Provider stated that she had a patient syncopize on exam table after a dose of gardasil 9 this past year. She said the patient remained alert and recovered. No injury noted.; This spontaneous report was received from Physician via Company Representative referred to a 16-year-old female patient. The patient’s medical history was not reported. The patient’s concurrent conditions were not reported. Concomitant therapies were not reported. On an unknown date in 2024, the patient started therapy with hpv rl1 6 11 16 18 31 33 45 52 58 vlp vaccine (yeast) (GARDASIL 9) injection, administered for prophylaxis (strength, dose, dose number, frequency, scheme, lot #, expiry date, route of administration, and anatomical location were not provided).

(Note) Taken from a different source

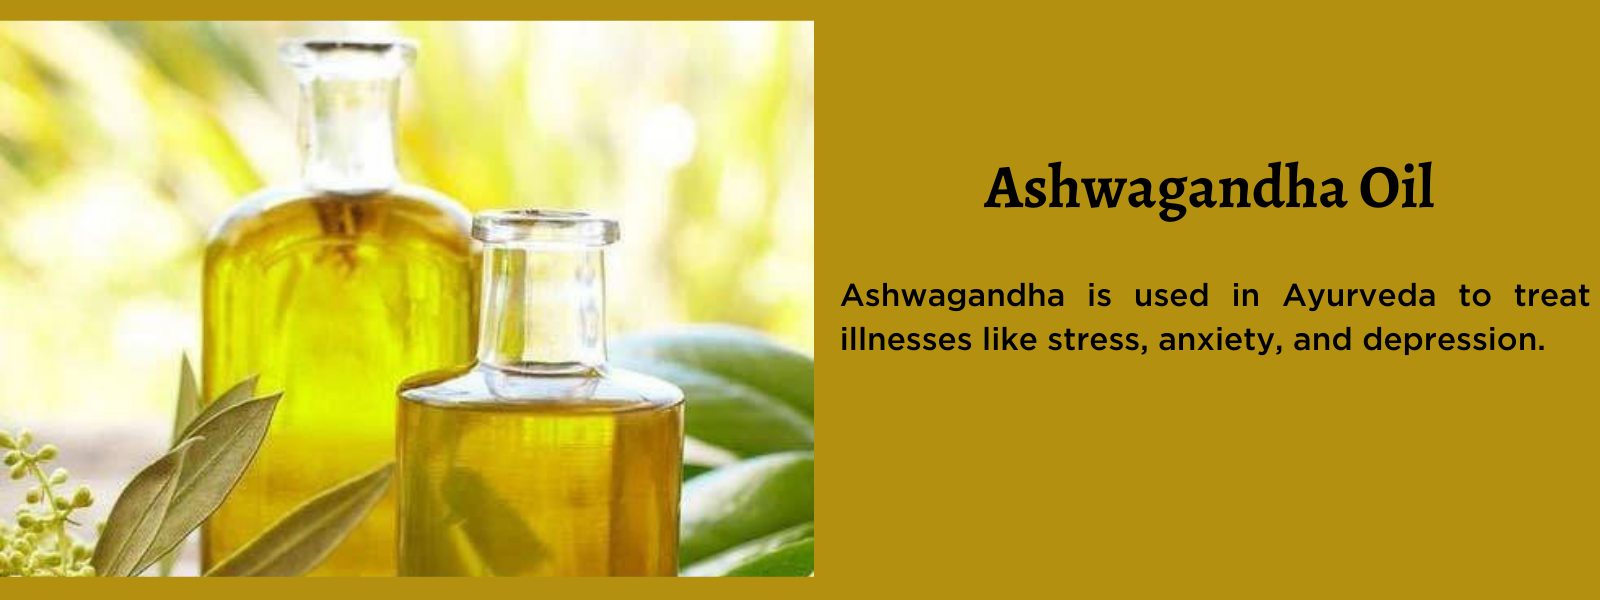 Ashwagandha Oil- Health Benefits, Uses and Important Facts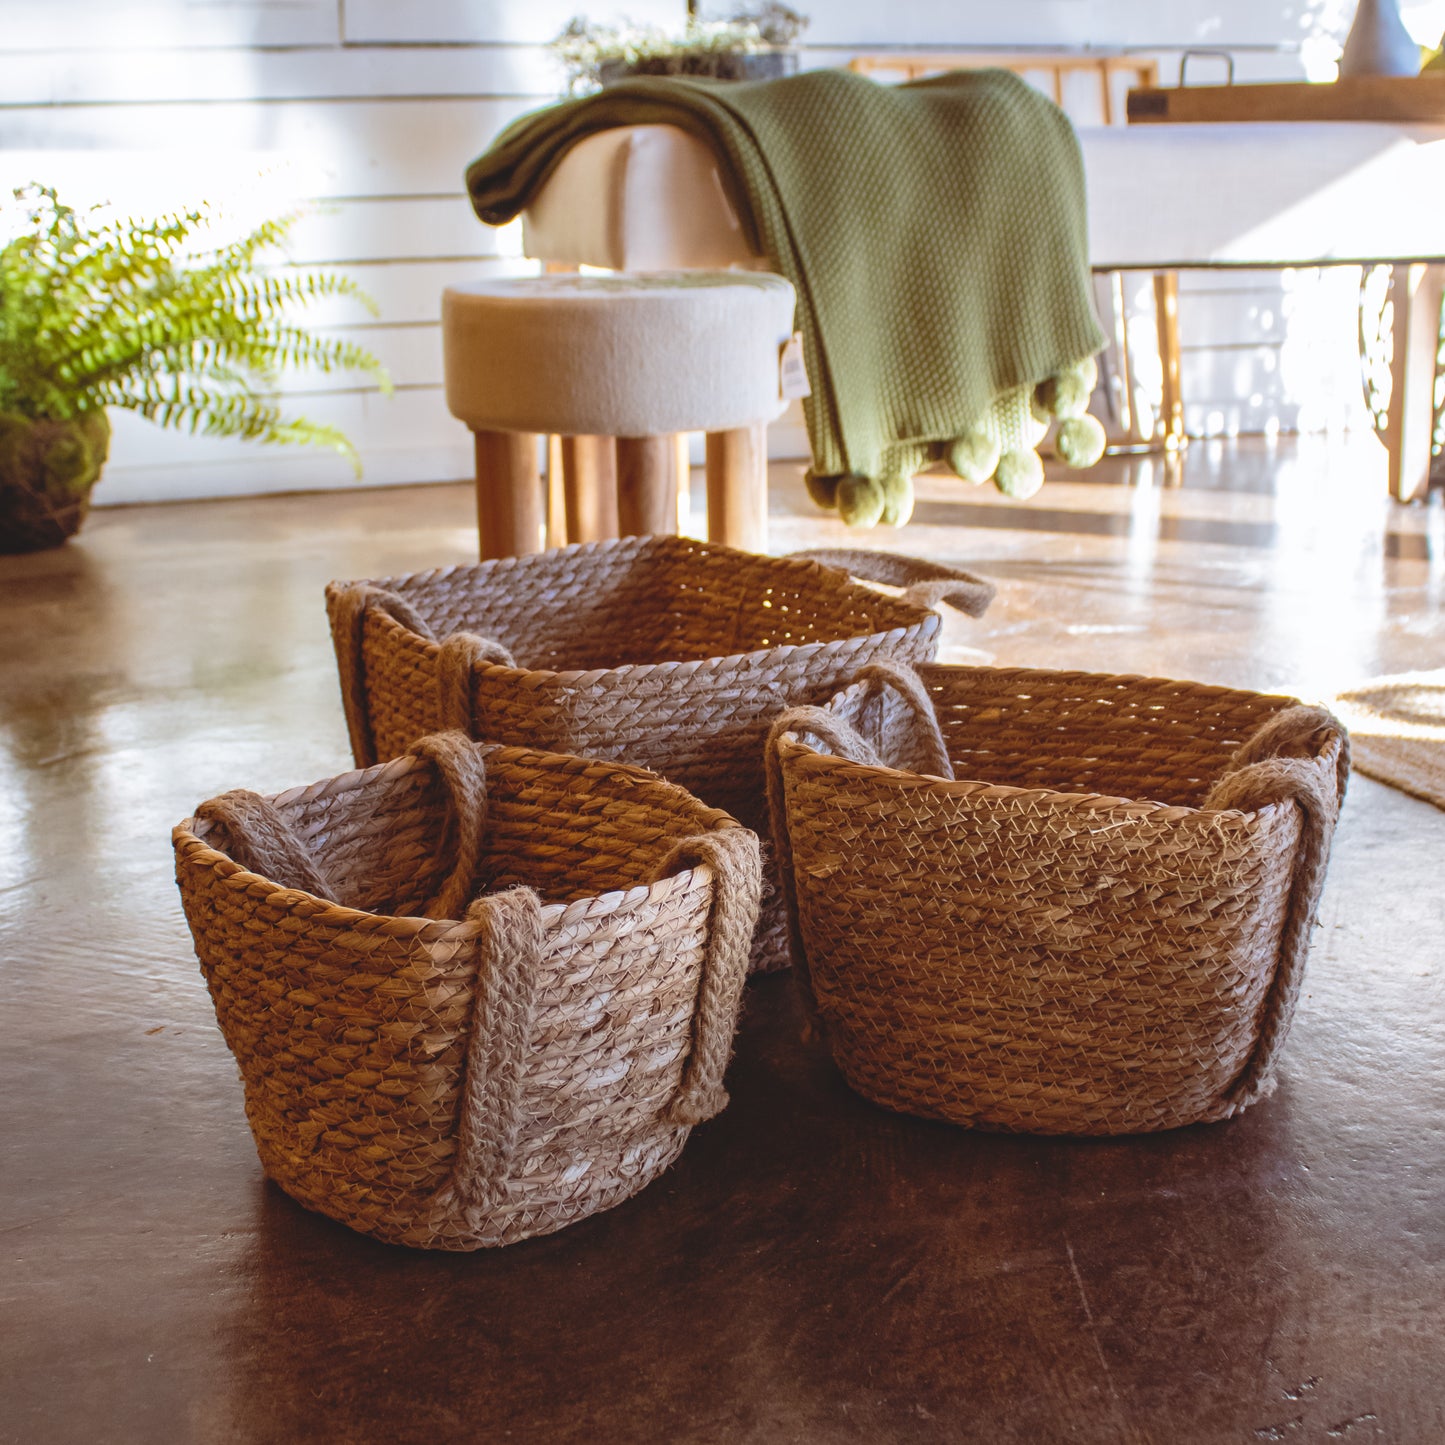 Square Seagrass Baskets w/ Handles

On an unknown date in 2024, the reporter stated that she had a patient syncopize on exam table after the dose of hpv rl1 6 11 16 18 31 33 45 52 58 vlp vaccine (yeast) (GARDASIL 9) injection (syncope), and reported that the patient remained alert and recovered on an unknown date; it was also reported that no injury was noted. The reporter did not assess the causal relationship between the syncope and hpv rl1 6 11 16 18 31 33 45 52 58 vlp vaccine (yeast) (GARDASIL 9) injection. Upon internal review syncope was determined to be medically significant event. Additional information is not expected.